С финансовым подъемом Аверченко смог позволить себе то, чего был лишен в севастопольском детстве. Он любил путешествовать (особенно в Венецию), кататься на роликовых коньках, любил французскую борьбу (как зритель), скачки, шахматы, театр, занимался гиревой гимнастикой (никто не сказал, что для зрения это не слишком полезно!). Он блестяще знал все петербургские рестораны. Но главным его увлечением, кроме юмористики, был театр. Сначала он писал театральные рецензии (невольно подражая В. Дорошевичу), а потом одноактные пьесы (подражая европейским кабаре). Он посещал и «Летучую мышь», и академические театры, но потом пошел дальше: сначала стал публично читать свои рассказы, а позже, уже в эмиграции, участвовать в постановках по собственным пьесам в качестве актера. Однако перо у него было бойчее, чем способности чтеца: он читал рассказы тихо, невыразительно и с явным фрикативным дефектом. Он не умел имитировать речь, рассказывая, например, «еврейские» анекдоты. А тут и еще одна беда — его (человека публичного!) подводил вкус в одежде: «Аверченко — очень неглупый и жизненно опытный человек — поддавался лести как подвыпивший купчик… Он расцветал, когда ему говорили, что он удивительно ловко носит фрак (а фрак сидел на нем не так уж грациозно), что у него вкус к материям, костюмам, обуви, что он понимает толк в яствах, в винах, в светской жизни, в великосветских порядках… Тут он таял от удовольствия. Ему, севастопольскому мещанину, получившему „великосветское образование“ в дешевых кабачках…» (Е. Д. Зозуля, 2005). Удивительно напоминает биографию Д. Лондона! Уже в 1911 г. Аверченко снялся в кино, а через год фильм по его сценарию снял Я. Протазанов. Потом вышли еще две комедии по его сценариям (в одной он снялся сам, но фильм не сохранился).
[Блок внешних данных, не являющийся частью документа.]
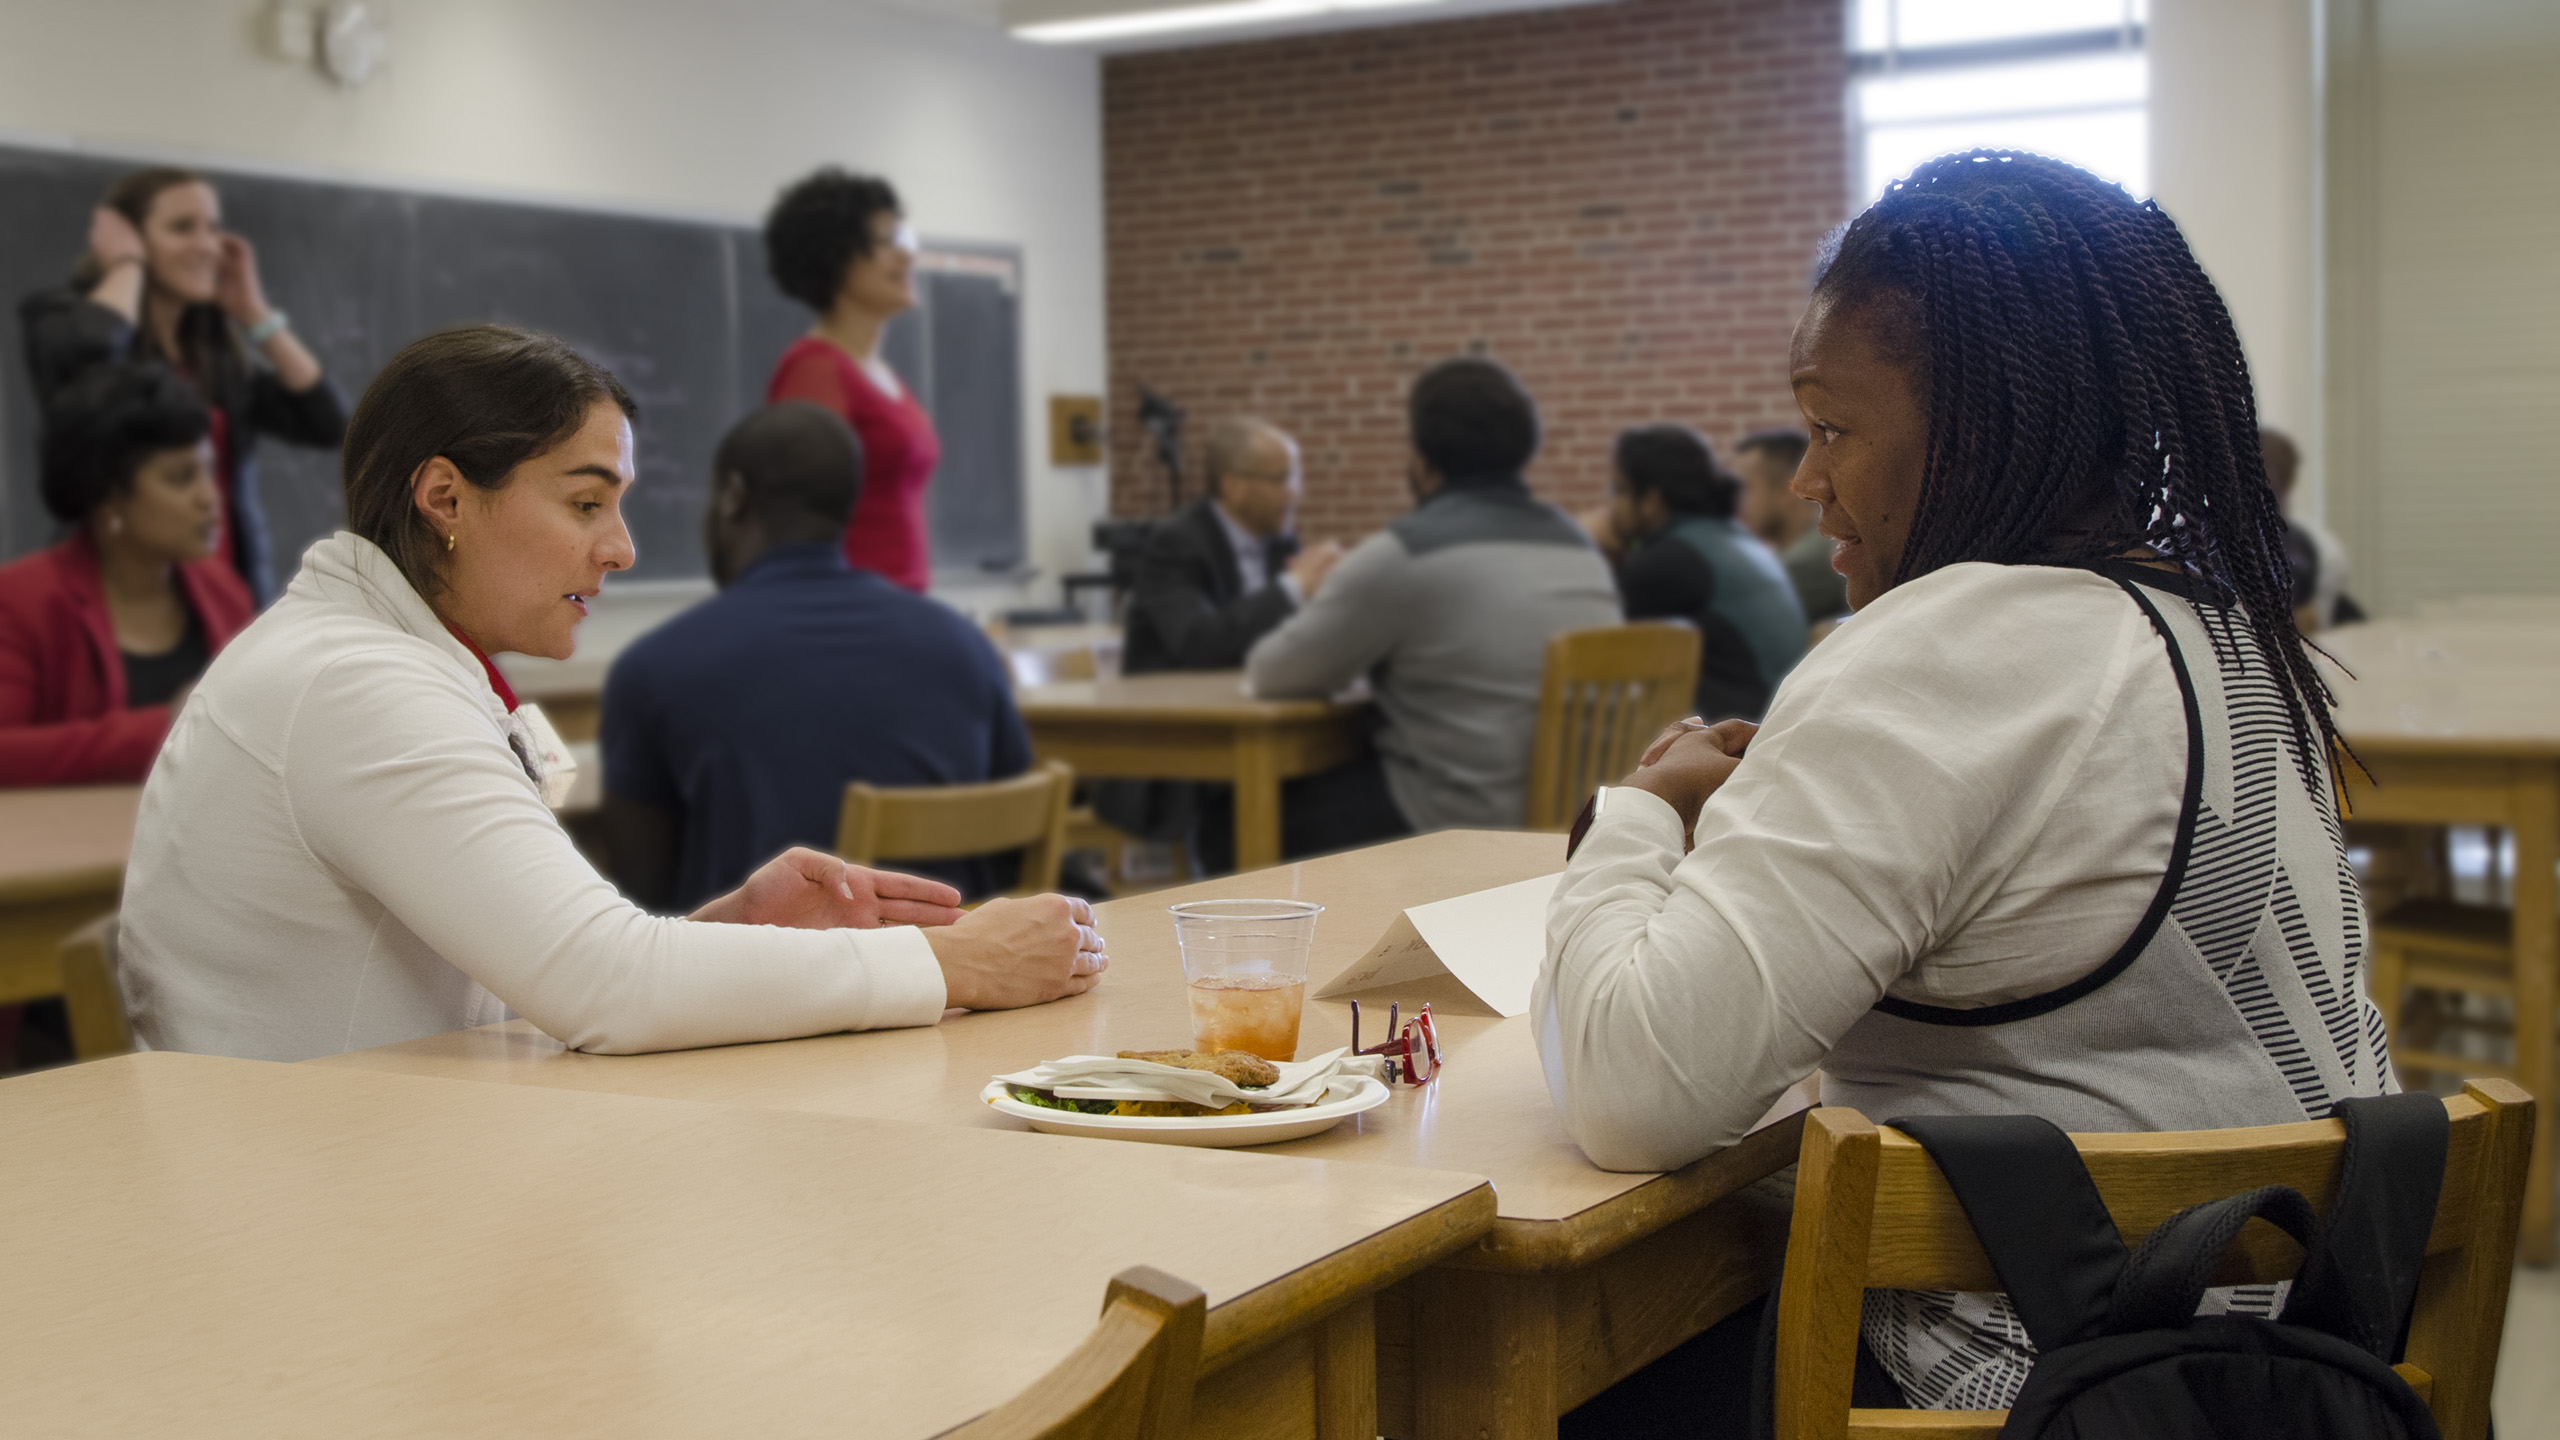 A grad student sitting at a classroom table talking with a prospective student.

Вообще, Аверченко был тщеславен. Не могу сказать, плохо это или хорошо, но это так. Сохранился его «донжуанский список», в котором 80 женских имен. Несмотря на его знаменитый афоризм «Страшная штука — женщина, и обращаться с ней нужно, как с ручной гранатой», женщин Аркадий Тимофеевич любил, как буйабес. Самый известный его роман был с актрисой Александрой Яковлевной Садовской. Все это было театрально, «показушно», они даже гастролировали вместе в Киеве и Одессе. И все же Аверченко был «великим петербургским холостяком». Известен другой его афоризм: «Мой принцип таков: кто хочет жить как человек и умереть как собака, пусть остается холостяком. Кто же хочет жить как собака и умереть как человек, тот женится».

В 1913 году в «Сатириконе» возник конфликт между учредителем М. Г. Корфельдом и Аверченко со товарищи (Радаков и Ремизов). Конечно, в основе конфликта лежала проблема доходов, а вовсе не нарушения «элементарной литературно-издательской этики», как представлял это Аркадий Тимофеевич, и литературное сообщество прекрасно это осознавало. В срок, который и сейчас можно назвать рекордным, Аверченко, Радаков и Ремизов создали товарищество «Новый Сатирикон». В новый журнал вместе с ними перешли Тэффи, А. Бенуа, М. Добужинский, А. Бухов и другие. А будущие знаменитости: С. Я. Маршак и Д,Актиль (Анатолий Адольфович Френкель), Василий Князев и другие — остались в старом «Сатириконе». Но Князев вскоре тоже перебежал в «Новый Сатирикон».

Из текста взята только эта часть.